= Gary Glassman =

American filmmaker

Gary Glassman is a documentary filmmaker based in Rhode Island. His company, Providence Pictures, produces films for NOVA, Discovery Channel, History Channel, BBC, and other television networks and programs.

== Early life and education ==
Glassman became interested in film and entertainment at a young age. After spending three years with a European circus, he completed an MFA program in directing at UCLA. He was attracted to documentary filmmaking because "People have amazing stories, and the world's accumulated knowledge is so rich."

== Career ==
His first documentary, Prisoners, is in the permanent collection of the Museum of Modern Art in New York and the Centre Pompidou in Paris.

Glassman started Providence Pictures in 1996, moving to Rhode Island from Paris when his wife took a job at Providence College. Since then, he has become active in the promotion of the city as a center for digital media and other creative industries, including starting the Digital City project in 2013, with Renee Hobbs, founder of the University of Rhode Island Harrington School of Communication and Media.

Glassman's The Bible's Buried Secrets, a 2008 feature on the science series NOVA on PBS, attracted some controversy for its provocative ideas, including the idea of God having a wife. According to the Christian Post, Biblical scholar William G. Dever said some bible literalists may call the film "shocking" but he said the film was the best documentary ever made on the origins of the Israelites and the writing of the first five books of the Bible, and contrasted it positively with several other similar films he was involved with, which he considered to be dishonest. The American Family Association protested the film, urging Congress to stop providing funding to PBS.
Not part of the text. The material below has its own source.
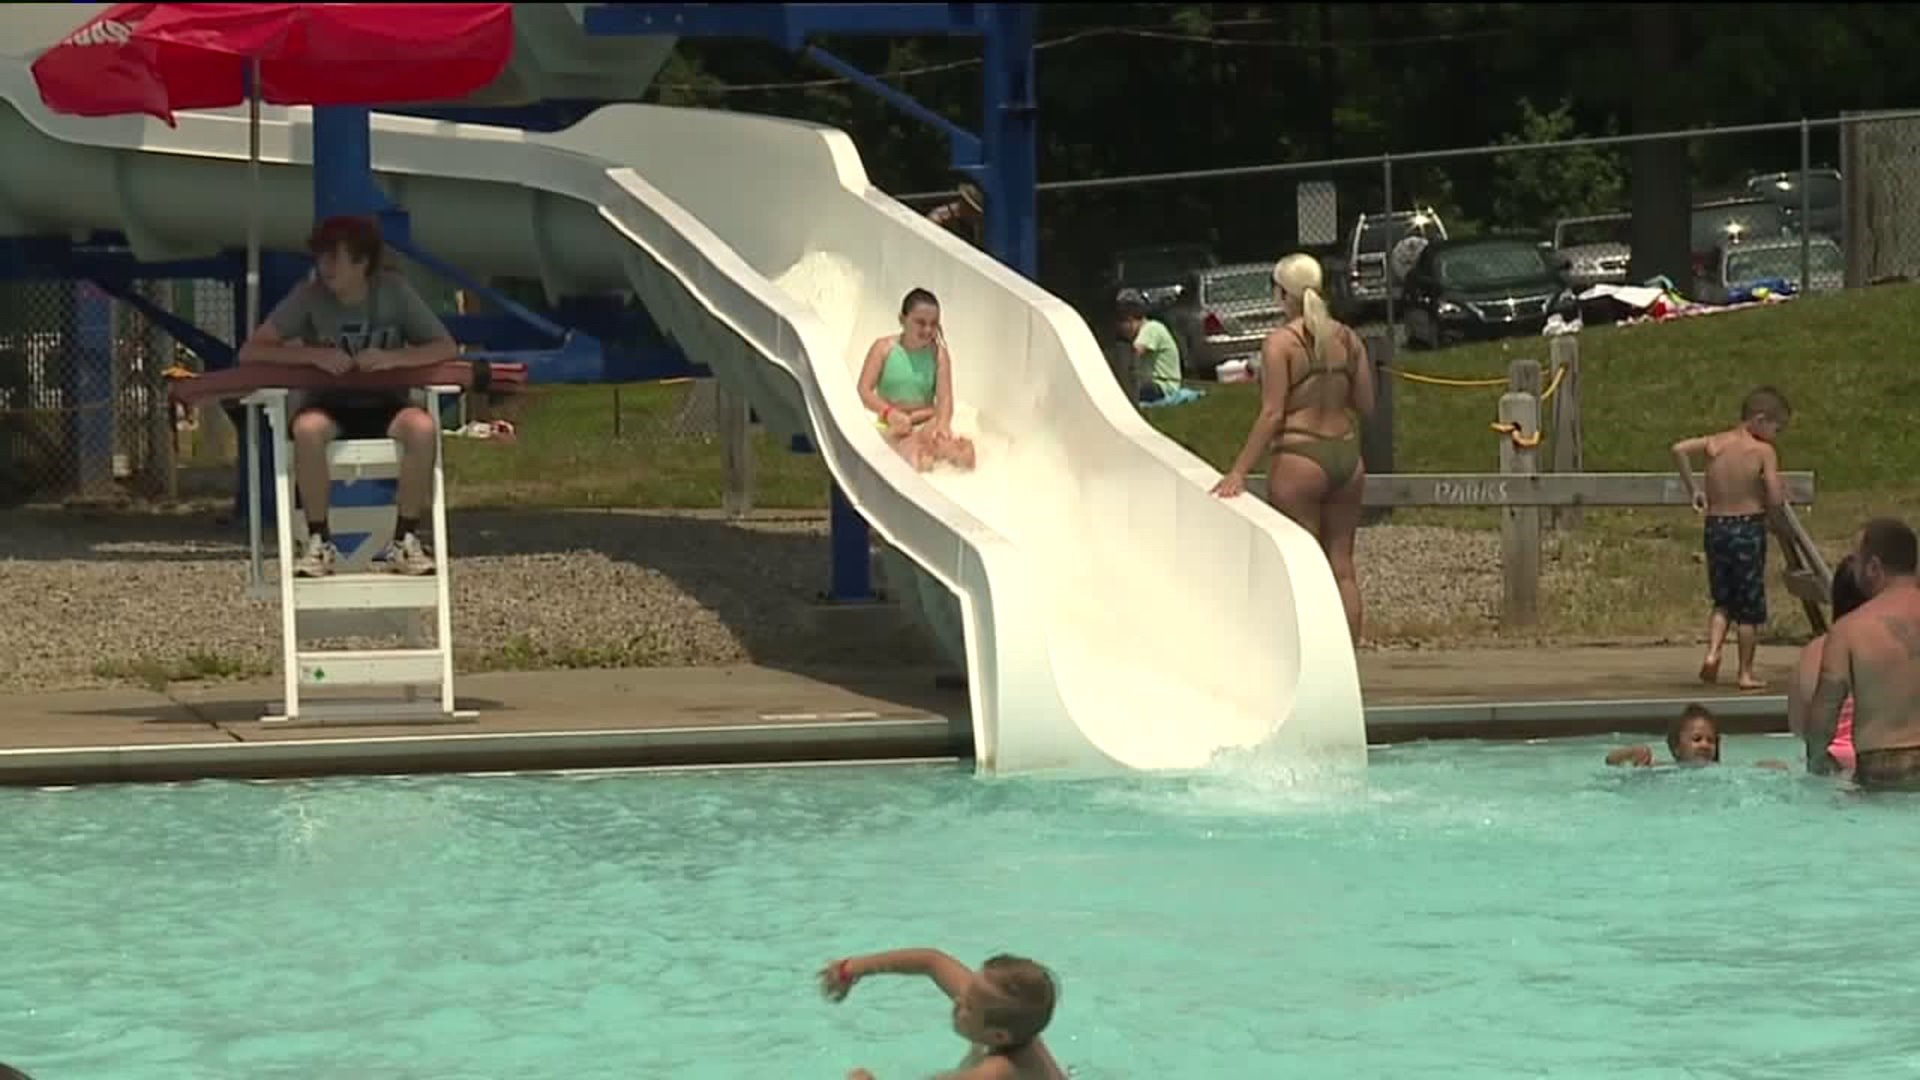 Nay Aug Park Pool Popular on Hot Day

Glassman won the 2009 Writers Guild of America Award for best documentary on a subject other than current events for Secrets of the Parthenon, produced for PBS's Nova.
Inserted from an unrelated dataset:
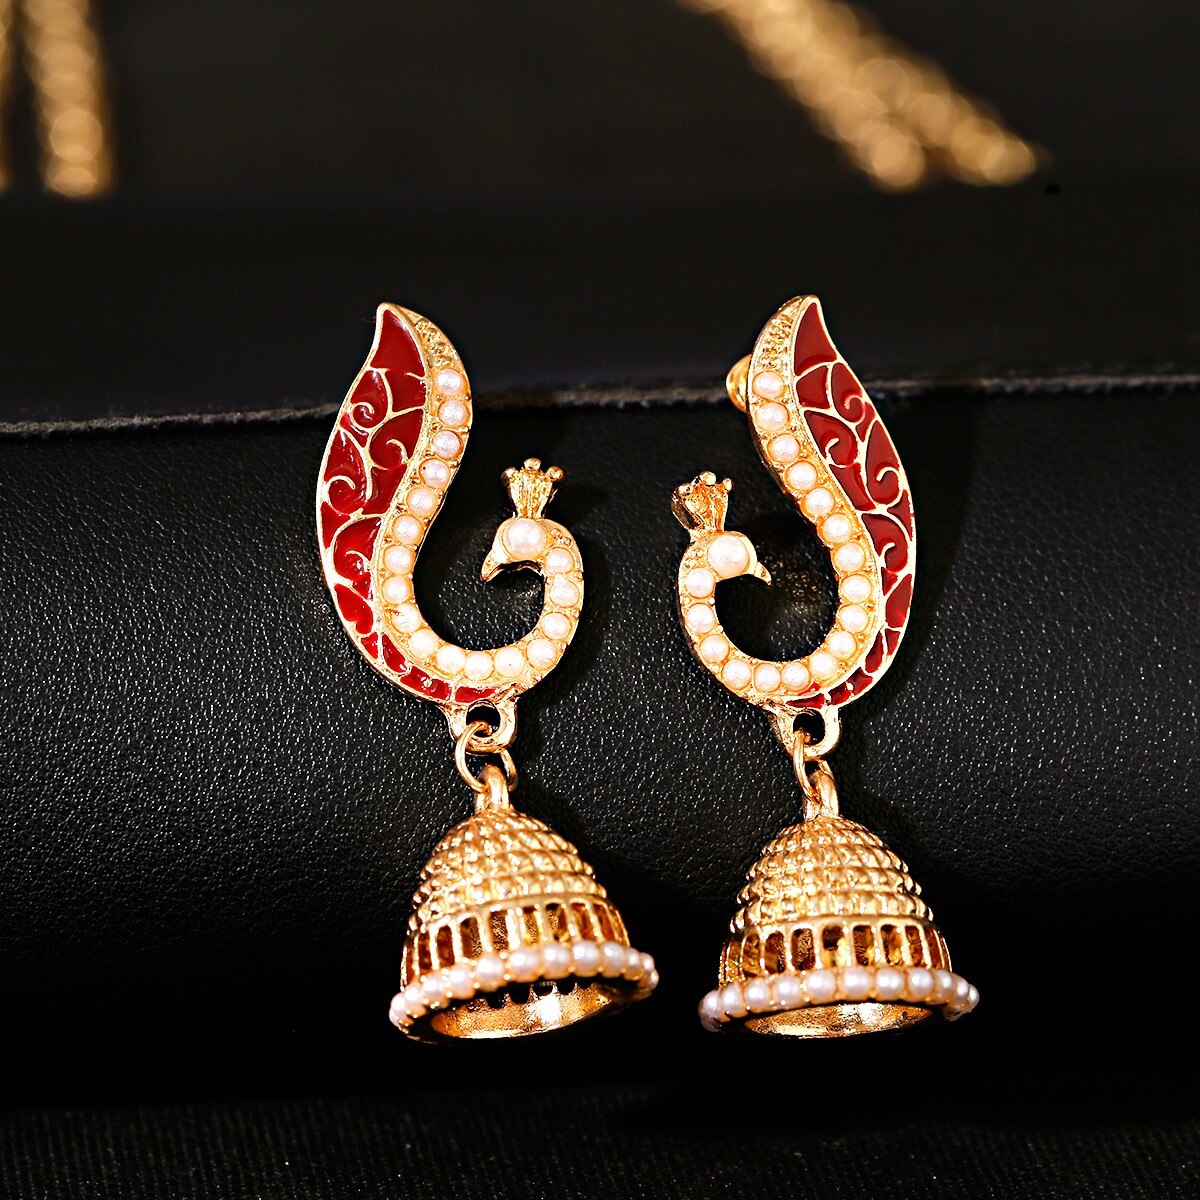 12-PairsLot-Boho-Afghan-Ethnic-Earrings-For-Women-Pendient-Pink-Gold-Silver-Color-Bell-Ladies-Indian-3256803995211369-4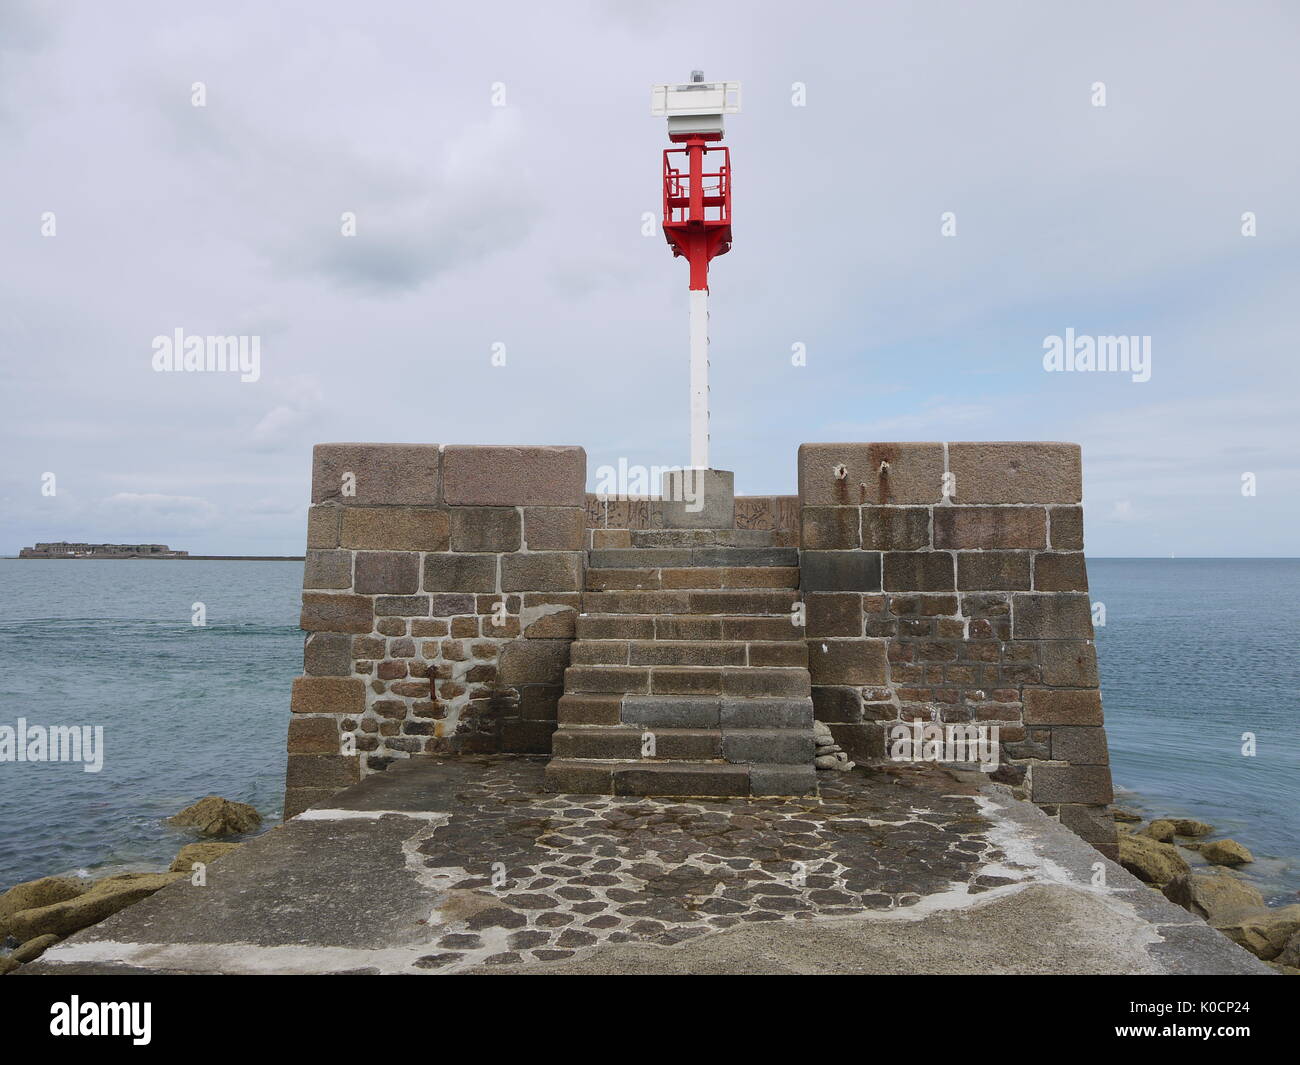 A maritime beacon on the wavebreaker of the port of Cherbourg Stock Photo

Glassman and Providence Pictures went to the Colosseum in Rome to install a replica of the wooden elevator used by the Romans to move animals into the center of the arena, and produced the documentary Colosseum: Roman Death Trap about the project. It was one of a series of documentaries the company did for NOVA called "Building Wonders".

One of his favorite of his films is Secret of Photo 51, about Rosalind Franklin's importance in the discovery of the DNA double helix that Watson & Crick took credit for.